We can see the distribution of clusters and the articles membership to them. Increasing the number of clusters may even reduce more the size of the clusters.

In [None]:
### Plotting the cluster
centers = km.cluster_centers_

x=centers[:,0]
y=centers[:,1]

x=centers[:,0]
y=centers[:,1]

color=clusters_info['ClusterId']
size=clusters_info['Members']

plt.figure(figsize=(15, 10), dpi=80)

plt.scatter(np.log(x), np.log(y),  c=color, s=size, alpha=0.5, cmap = 'hsv')

plt.title('Clusters size and reference plot', fontsize=20)

# zip joins x and y coordinates in pairs
i=0
for a,b in zip(x,y):

    label = "Id {}: {}".format(clusters_info['ClusterId'][i],clusters_info['Members'][i])

    plt.annotate(label, # this is the text
                 (np.log(a),np.log(b)), # this is the point to label
                 textcoords="offset points", # how to position the text
                 xytext=(0,10), # distance from text to points (x,y)
                 ha='center') # horizontal alignment can be left, right or center
    i=i+1

plt.show()

### Getting clusters Ids associated to the documents Ids
df_clust = pd.DataFrame({'DocumentId':np.arange(0,len(y_kmeans),1),'ClusterId':y_kmeans})
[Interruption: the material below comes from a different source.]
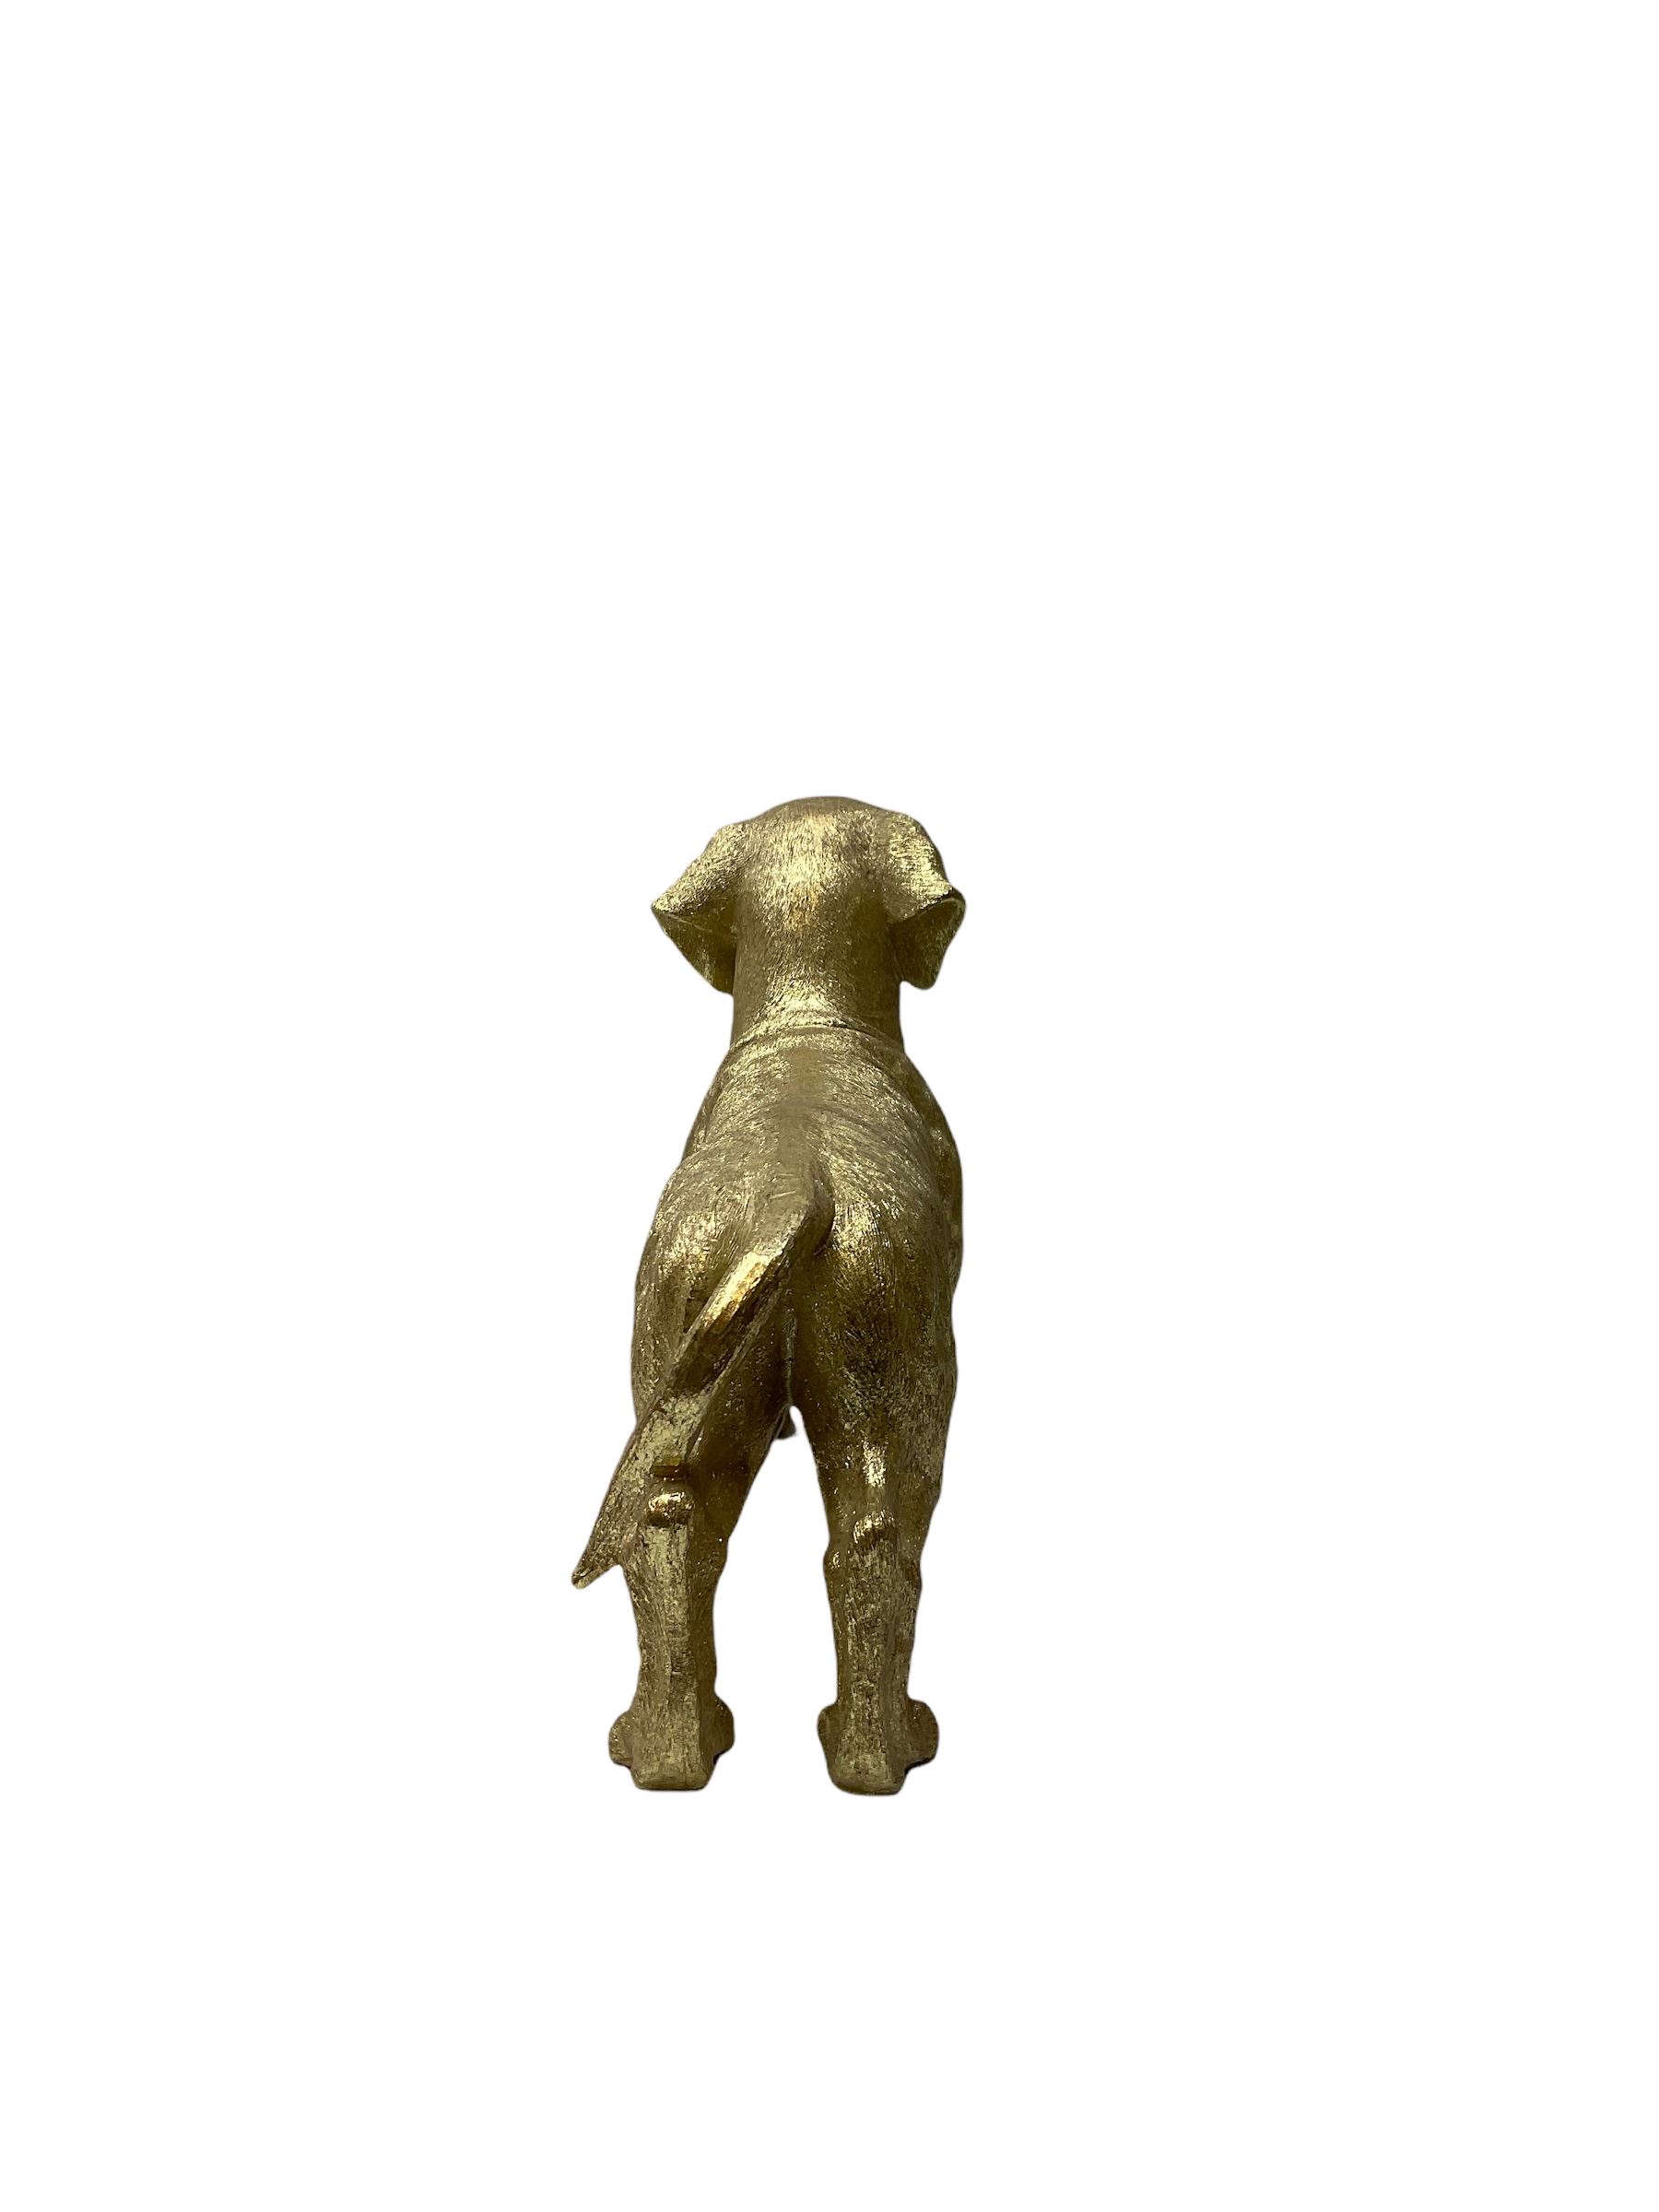 Composite metallic gold model of a Dachshund - Image 3 of 4

print('Our bait document id is 0 hence will be displayed on the fisrt row of the below output with its cluster id')
df_clust.head()

## Summarized output
* The reference document at position 0 is found to be in the cluster id 0
* Cluster 0 contains 5438 documents that were attracted by the bait document 0.
* We have reduced by approximately 88% the size of our article pool down from 45000
* This is what th bait approach is about.
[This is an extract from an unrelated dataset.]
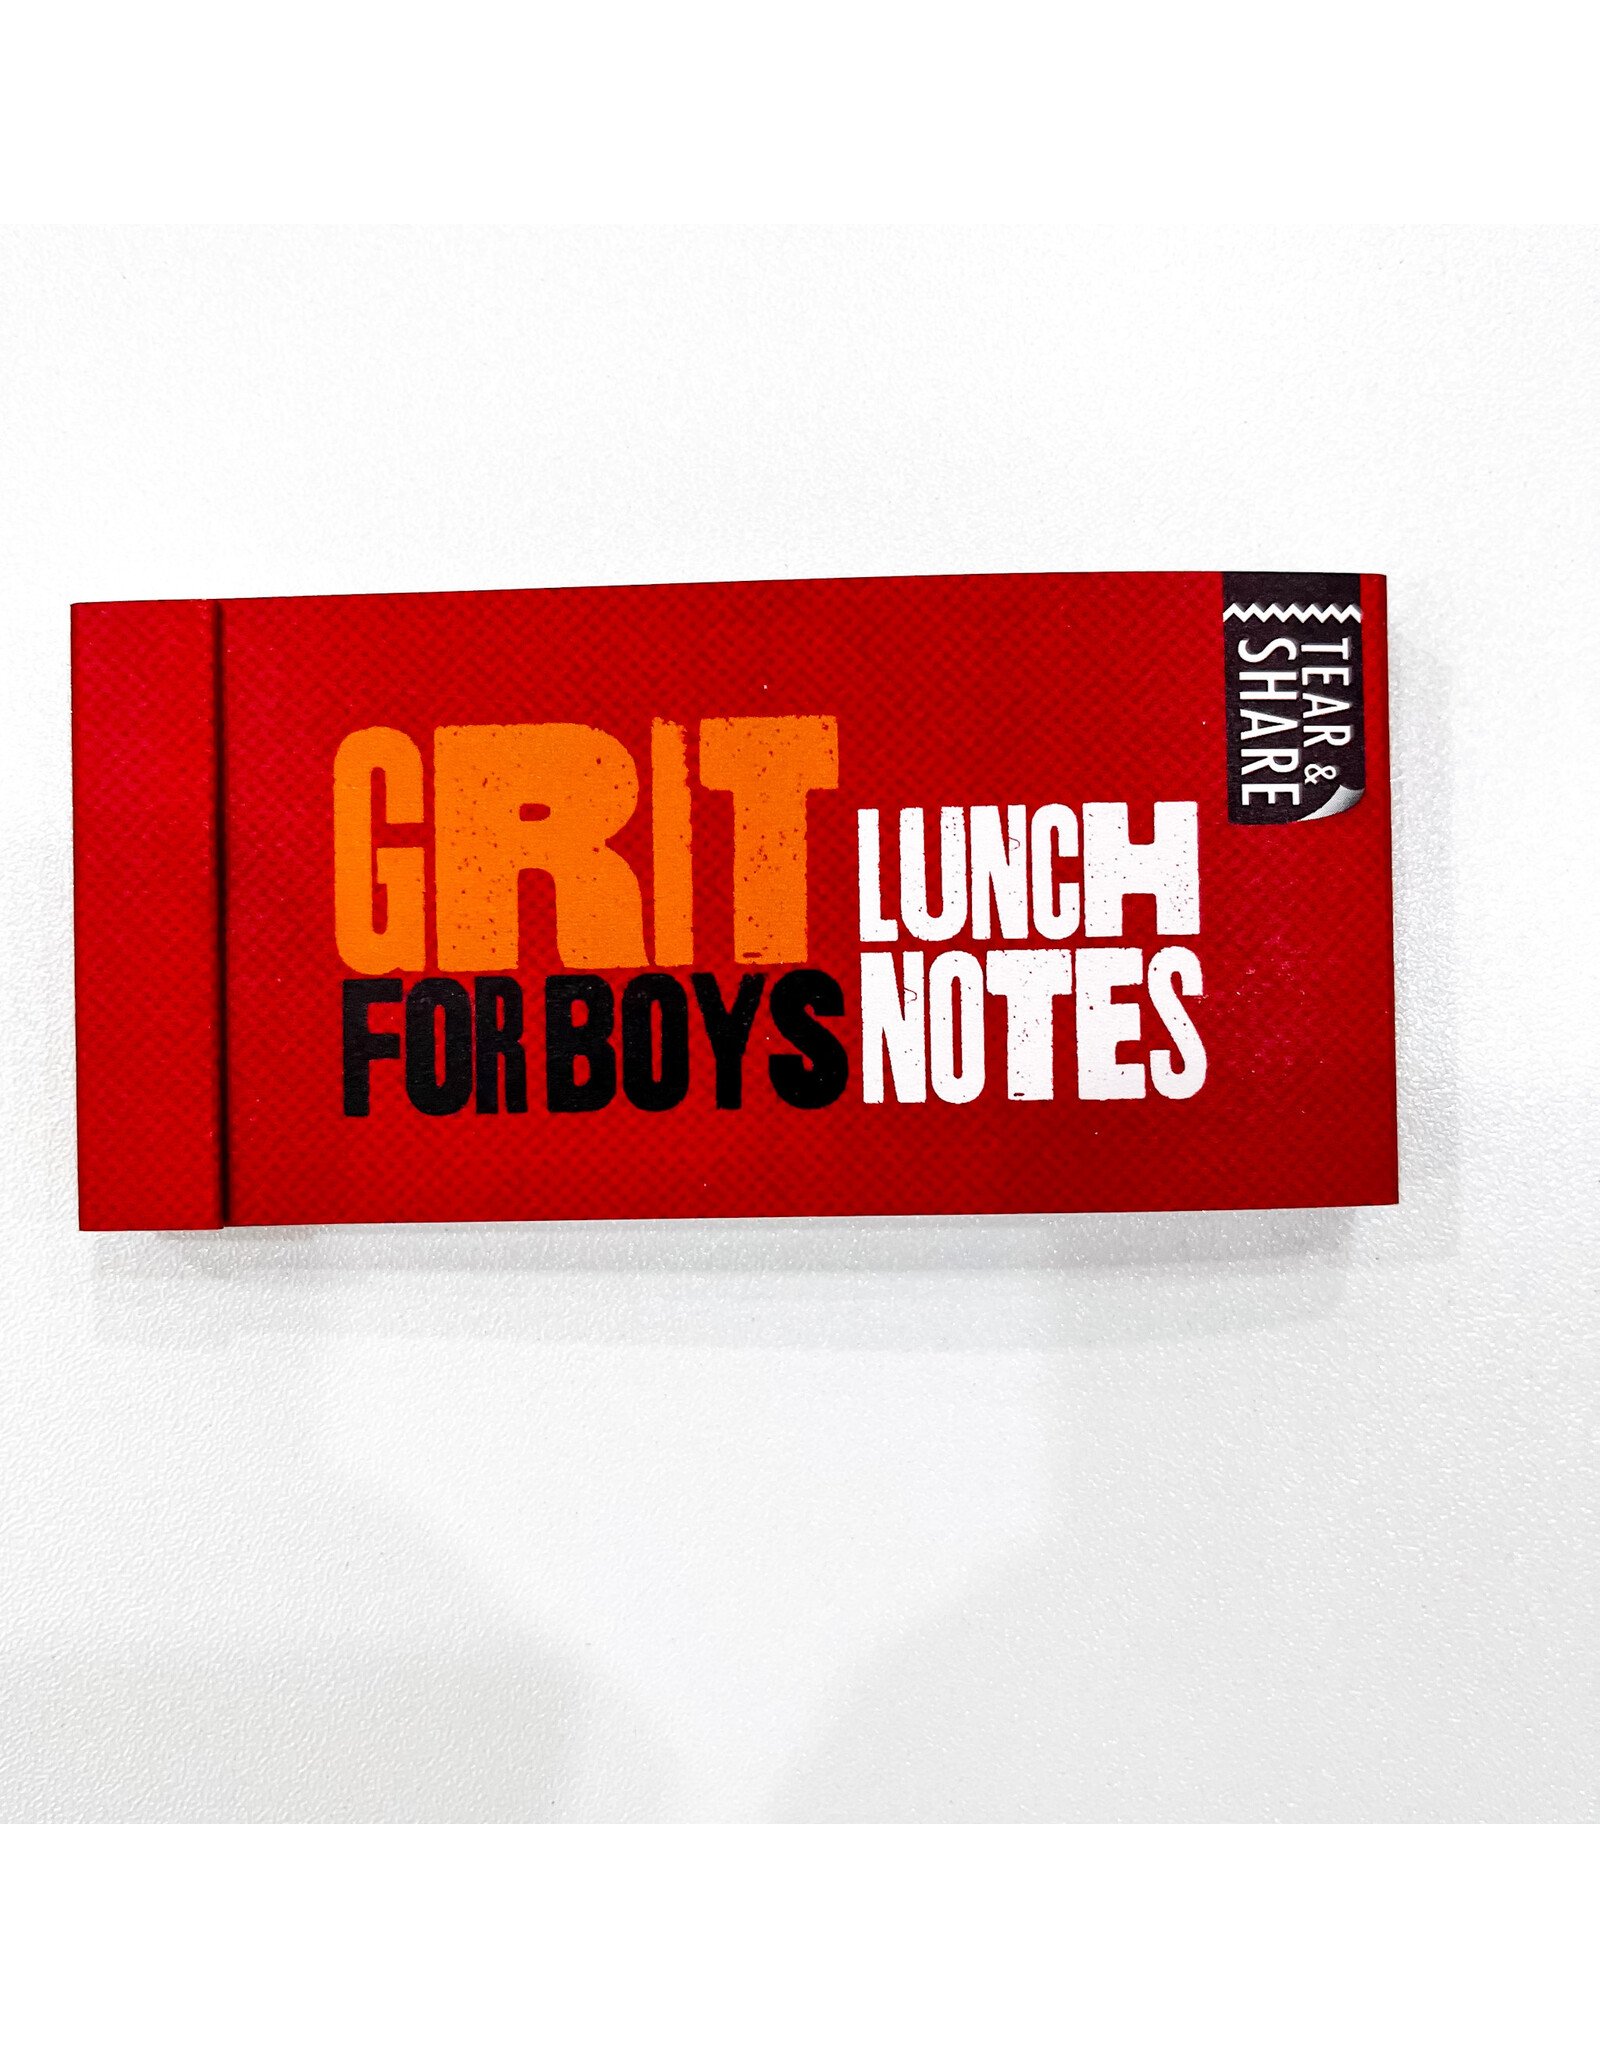 Lunch Notes - Grit for Boys

This process could be repeted iteratively until we get to the minimum size without loss of information.
Next: we will plot the wordcloud of our cluster 0 to see how relevant it is to the bait we used.

## Step 4: Cluster 0 articles filtering and analysis

We excluded the reference document from the cluster to make sure that the word list we introduced does not influence articles WordCloud outcome.

In [None]:
indices = df_clust[df_clust['ClusterId']==0].index

In [None]:
cluster0_corpus = [stemmed_articles[i] for i in indices if i!=0]
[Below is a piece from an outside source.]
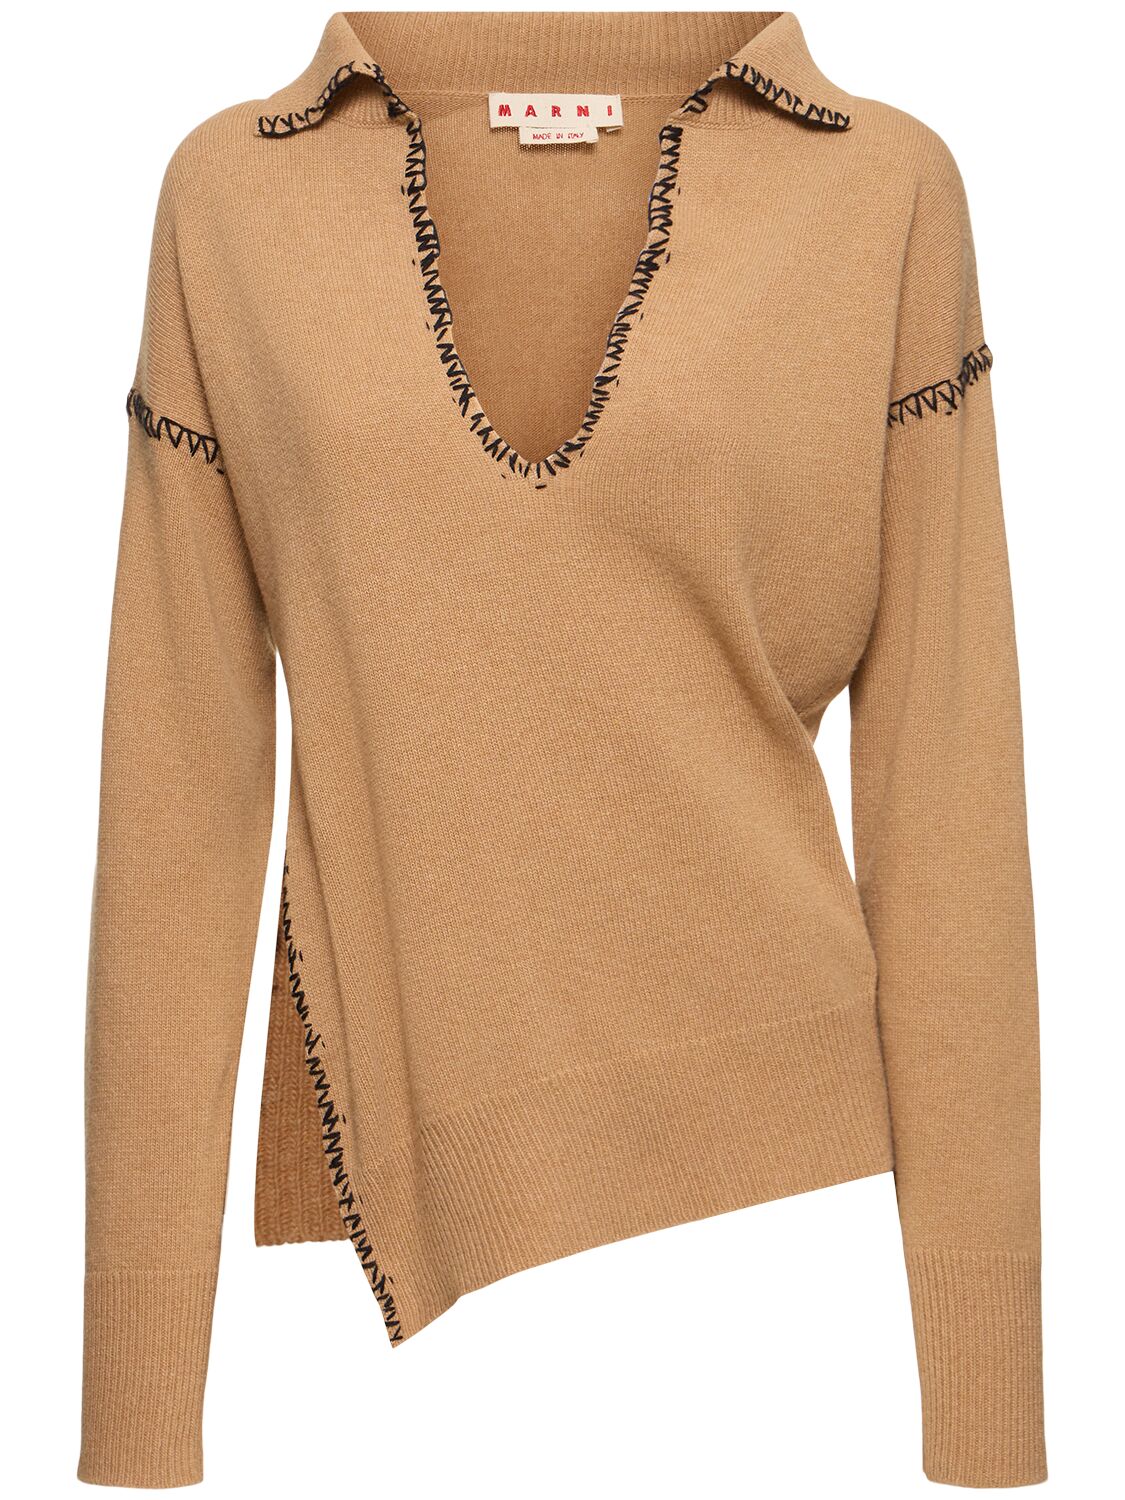 Marni Wool & Cashmere Knit V Neck Polo Sweater In Brown

cluster0_corpus = pd.Series(cluster0_corpus)

cluster0_corpus.index=indices[1:]

### Verification of original dataframe indices for tracking articles.
cluster0_corpus.index

#### detokenization
detokenized_corpus0 = []

for i in range(len(cluster0_corpus)):
    if i in cluster0_corpus:
        t = ' '.join(cluster0_corpus[i])
        detokenized_corpus0.append(t)

In [None]:
ngram_range=(2,2)

### Vectorizing abstract series
cv = CountVectorizer( preprocessor=preprocessor, stop_words = stopwords,lowercase = True, ngram_range = ngram_range, max_features = 500 )

### Creating the bag of words
bow_c0 = cv.fit_transform( detokenized_corpus0 ).todense()

### Getting Cluster0 list of features
features_c0 = cv.get_feature_names()

In [None]:
from wordcloud import WordCloud, STOPWORDS, ImageColorGenerator

########################################################################
### Take the TF_IDF and converts it into a WordCloud object to be plotted
def WordCloud_covid(tfidf): 
    x = tfidf
    x[ 'word' ] = x.index
    dt_c0 = pd.Series( x.frequency, index = x.word.values ).to_dict()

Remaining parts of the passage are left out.